How many hats?

It is very unusual to find a multi-talented person. Most people have some things they excel at, some things they can manage and some things they cannot seem to get a grip on.

It’s a rare person who can do everything well and an even rarer one who can excel at everything they attempt. But sometimes it seems like the guy who runs a small business is required to do just that.

Obviously, a typical small woodworking shop owner has to be proficient at woodworking. But he also has to be an expert on hardware. He has to know how to set up run and maintain machinery. He has to be a designer and be able to produce conceptual as well as detailed working drawings. He has to be a decent finisher. He may also need to be a good turner and a millwright. He might also need to have mastery of bending, carving and shaping. He has to be able to plan and install casework and be a good finish carpenter as well.

But that’s just the beginning. He also has to be an accountant, receptionist, PR liaison, mediator, safety inspector, purchasing agent, salesman, delivery guy, physiologist, first aid specialist, troubleshooter, problem solver, and custodian.

He must also be able to instantly shift from one to another of these tasks without so much as a second thought. He may be called upon to perform several of them simultaneously and he must perform all of them well. Of course this is a short list as there are many other areas in which the business owner must be proficient.

I am thinking that there is only one planet in the universe where such people can be found and that is Krypton. Of course, they must figure out a way to get themselves to a solar system that has a yellow sun so there’s another thing they need to be… a travel agent.

D.D.

COMMENTS

  1. Aaron Rafelow wrote:

    Like this article. Until you wrote about it, and I read it… well, it sinks in.
    I will share this article with others. Especially those who feel ‘we’ don’t do that much.
    Thanks for shining a light on a facet of my life I rarely acknowledge.

    Kindest regards,
    Aaron Radelow

  2. Ken Walker wrote:

    I think you described what an Entrepreneur is. It what sets us apart from the “common worker”. Unfortunately, it’s rare to hire someone with this skill set description. Because, in the off chance you do actually hire a person who possess this mindset, they will usually leave and be successful in opening their own company.

    In fact, when people don’t have the whole picture as you describe, it’s when companies fail. Just watching that Hotel Nightmare show with Gordon Ramsey illustrates how often that happens.

    One thing you left off of your list, which I believe is essential, is: Knowing when you don’t know something and being able to admit it and to hire trusted sub-contractors (Read: Other Entrepreneurs) to make up for the difference.

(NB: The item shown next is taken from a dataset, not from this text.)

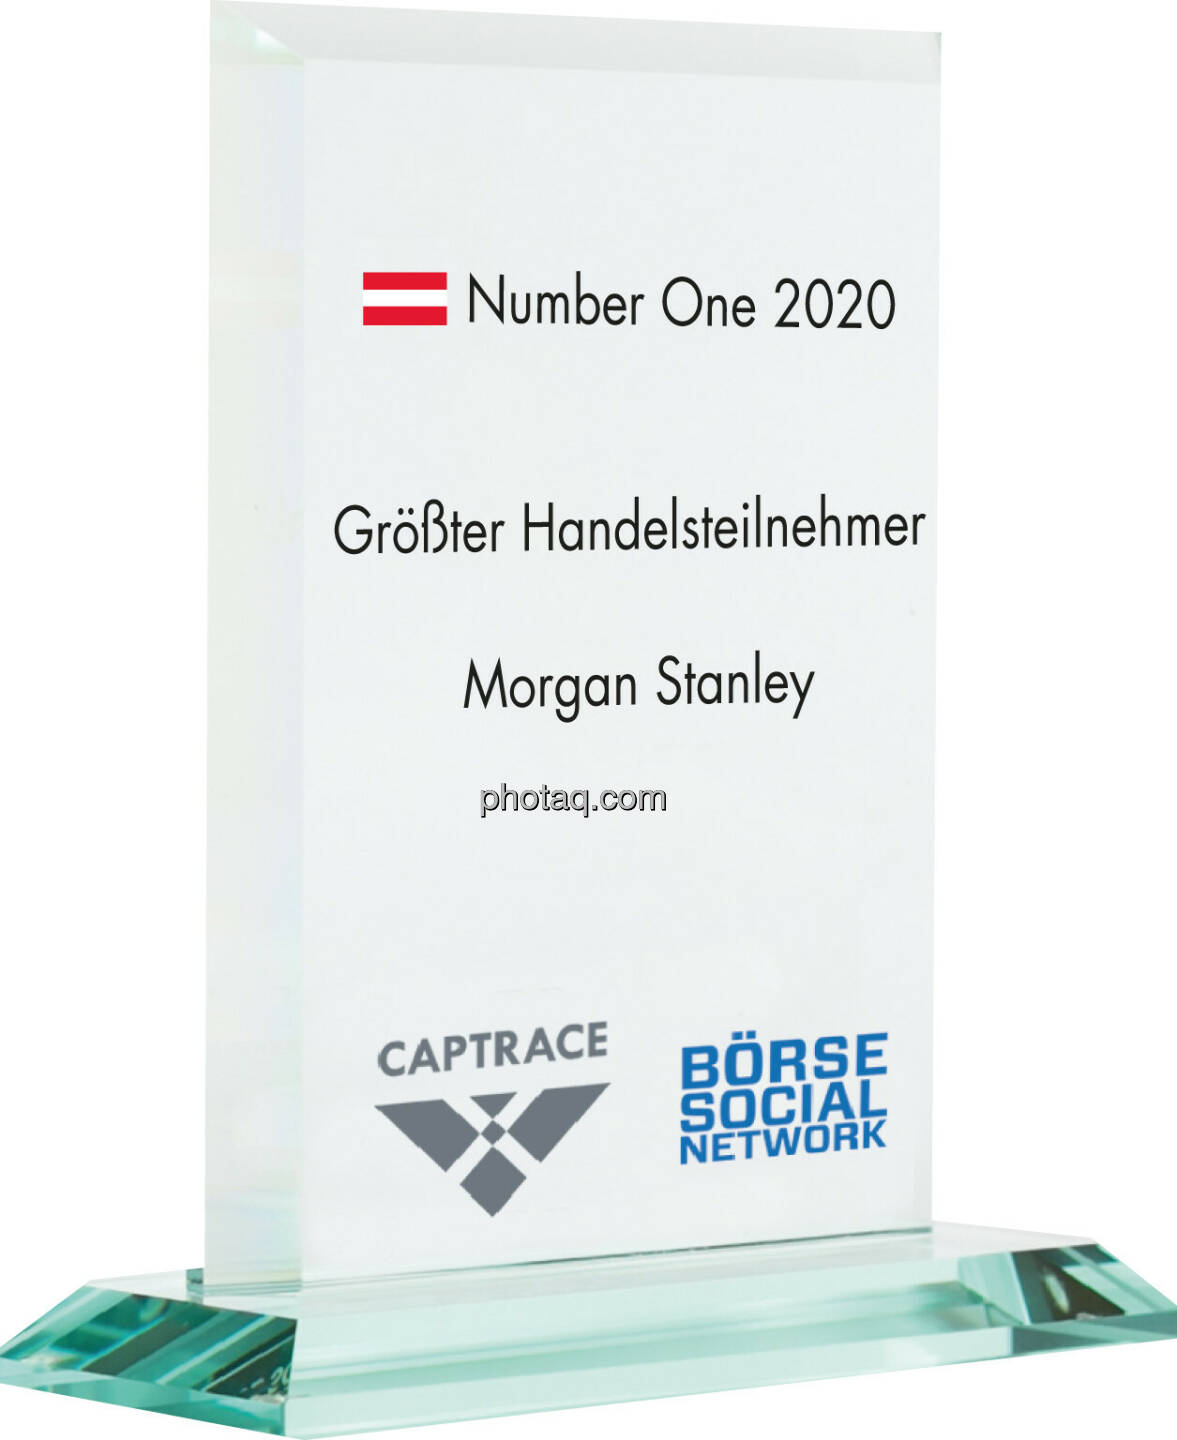 Number One Awards 2020 - Größter Handelsteilnehmer Morgan Stanley
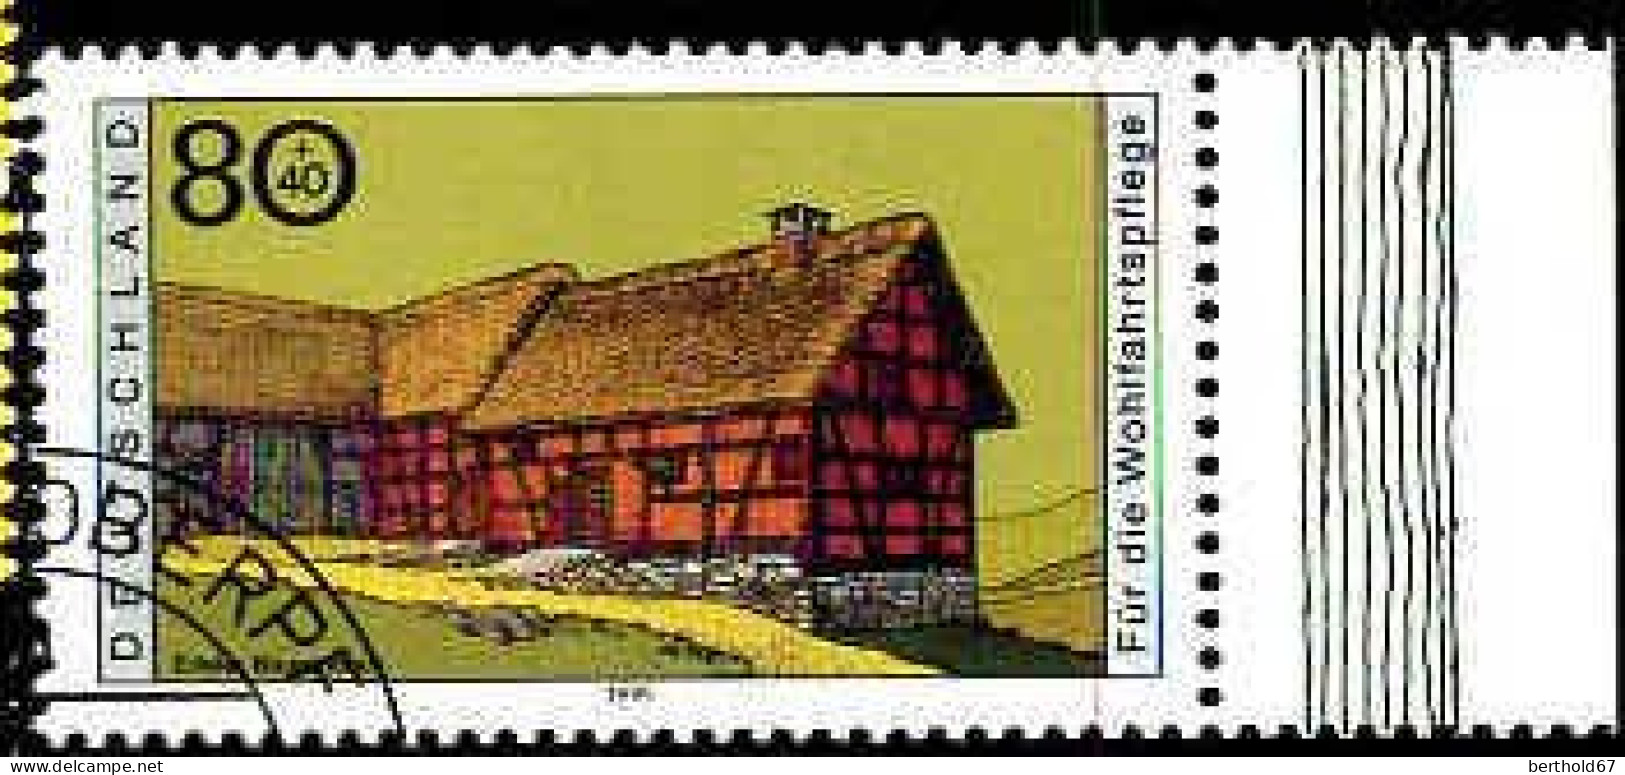 RFA Poste Obl Yv:1651 Mi:1819 Eifeler Bauernhaus Bord De Feuille (Beau Cachet Rond) - Gebruikt

    I did this with my furniture stripping and chair cane jobs. Jobs I could have done, but there were people who could do a better job for less money in less time. This made me more efficient and we all benefitted.

  3. Laurie Koblun wrote:

    Dito, myself and another friend of the same description have discussed this but never broke it down to that level, we missed a few jobs in our count, or were scared to acknowledge them.
    Likely, due to being to busy, doing something that needed to be done, to really take a good look. haha

  4. Ron Visser wrote:

    I thought I was filling tiered over the last 35 years!
    Now I know why.
    I fill better now that I can see it written out.